KEY POINTS
- Astral Foods projects a rebound in profits despite bird flu impacts.
- Cost hikes and severe feed shortages challenged operations.
- South Africa’s poultry sector continues battling extensive outbreaks.
Major poultry producer Astral Foods expects to return to profit after being hit by one of South Africa’s worst bird flu outbreaks. Due to bird flu which has affected many of its operations, Astral Foods reported a significant operational loss but the company believes that the performance will gradually improve in the future months.
Astral, one of South Africa’s biggest chicken producers, revealed its financial outlook before the company’s annual results release. After the bird flu crisis that disrupted the company’s operations, the company expects to record average profits than in the previous years.

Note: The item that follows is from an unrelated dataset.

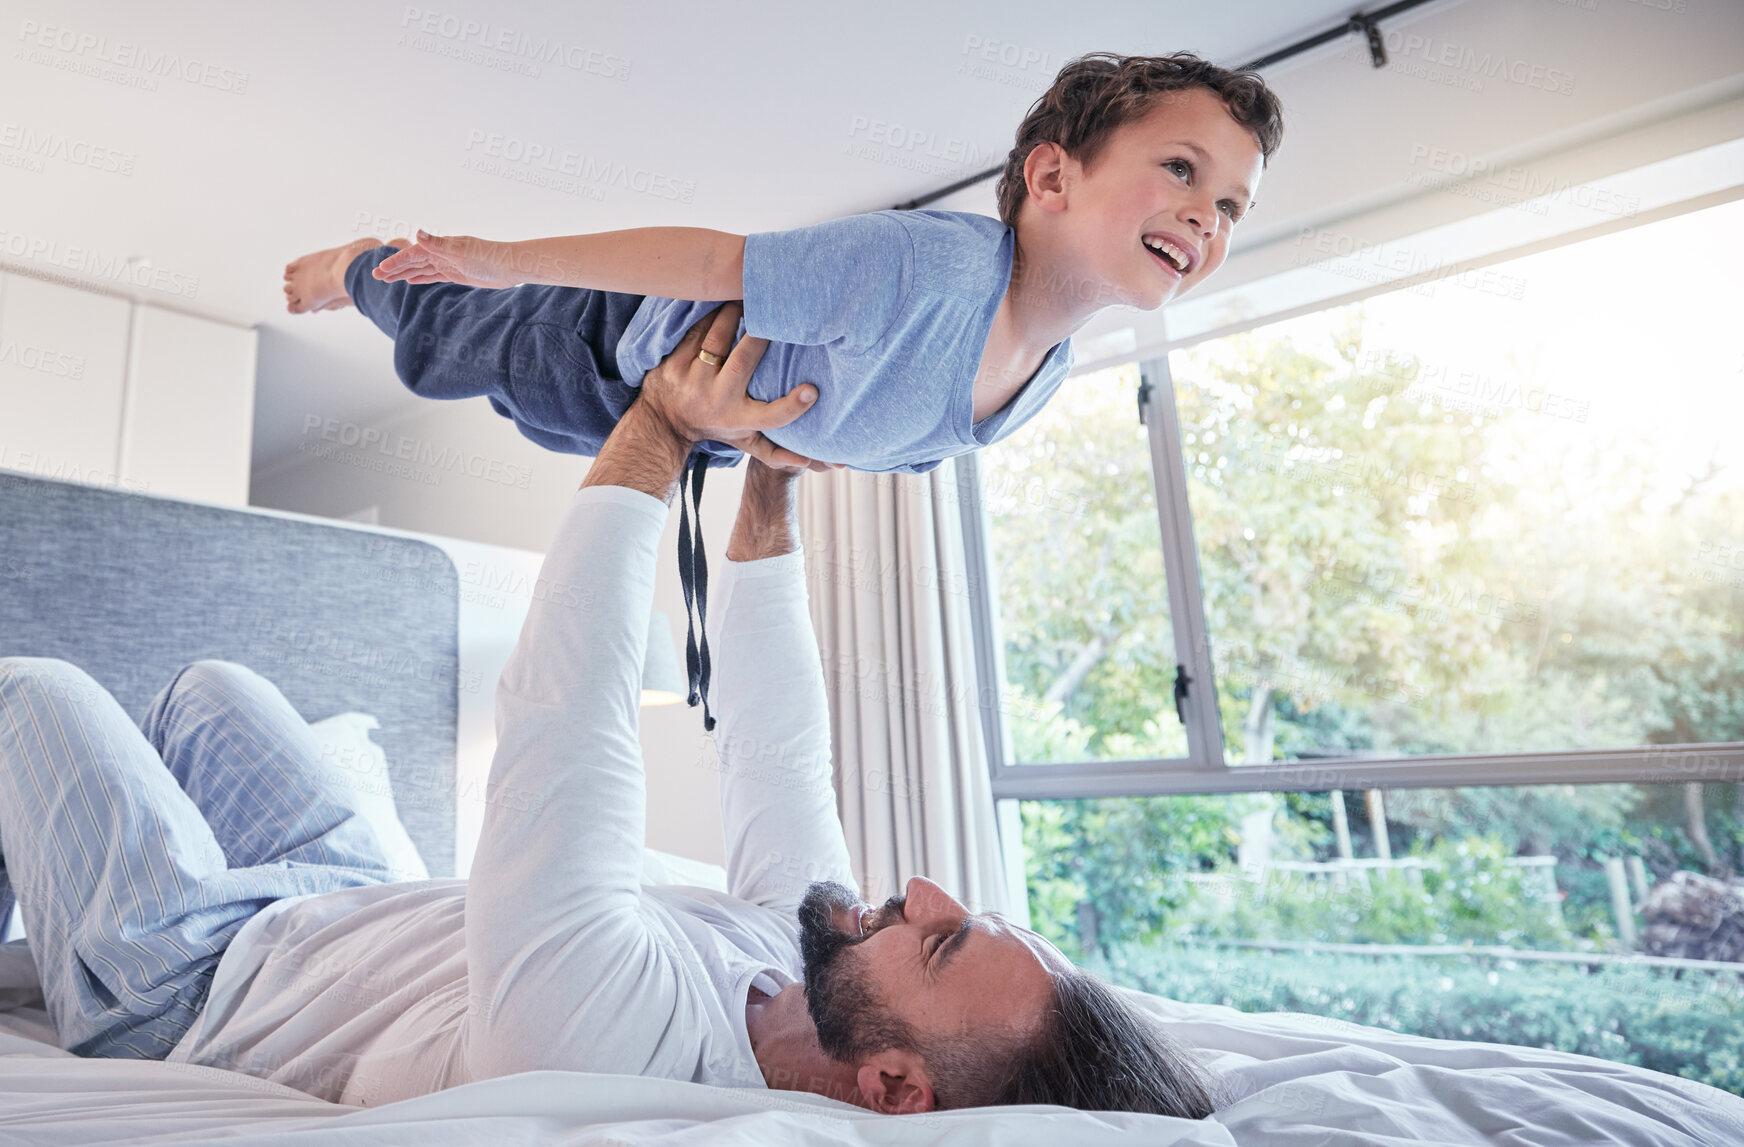 Buy stock photo Happy, airplane play and dad with child and happiness in a bedroom with trust and love. Happiness, father and young kid together in the air from flying game feeling excited with papa lift at home

“The avian flu epidemic has significantly impacted the poultry supply chain throughout the country,” Astral said in a statement, explaining how it has struggled to sustain supply and deal with rising production costs.
Extreme pressures in feed costs and supply chain
The bird flu outbreak has affected the whole South African poultry industry, and Astral Foods was not immune to it.
The feed costs which contribute more than half of the cost of poultry production increased sharply due to scarcity of feed raw materials locally and in the global market. These costs raised went to the operating expenses of Astral and reduced its capacity to maintain normal production levels.
The feed supply was affected by a severe shortage of raw materials and a recent drought that affected crop production in the region. This confluence of challenges, according to Astral, compelled the company to source feed from other places at much higher costs hence its earnings were hit.
The broader poultry industry in crisis
The bird flu disaster has affected poultry business across the country and has also been a cause for alarm on food security. The government has claimed to have put measures in place to prevent the spread of avian influenza, however the virus is still present and has impacted on poultry production on a scale never seen before.
The South African Poultry Association also pointed out the effects on the market, and many small poultry producers are struggling to survive. This outbreak has led to renewed demands for more government involvement, to help poultry firms with support measures and to better contain the virus.
Positive attitude and tactical changes
Astral’s management has kept a guarded optimism that a profitable recovery is possible, as it continues to make changes to its operating model. In the next fiscal year, Astral plans to level out production and meet market demands by improving feed sourcing and increasing biosecurity.
Reuters has reported that Astral Foods has been able to avoid the worst of it through careful adjustments but the problem is not over yet as avian flu continues to spread across different areas.
However, the company’s outlook is optimistic that both the production and profitability can increase if biosecurity and supply challenges are addressed in the short term.
Industry looks for the long term answers
The bird flu epidemic has highlighted the weaknesses of the poultry supply chain in South Africa and the industry is now calling on government and other industry players to look for long-term solutions.
To overcome these systemic challenges, the industry has set its goals to provide a more consistent poultry products supply to the nation.
There is hope that as Astral begins to recover, more collaboration between the industry players and the government to come up with a long-term solution for future pandemics will be realized. The South African poultry sector has faced a difficult year, but the industry is hopeful for a better year ahead that will be good for both producers and consumers.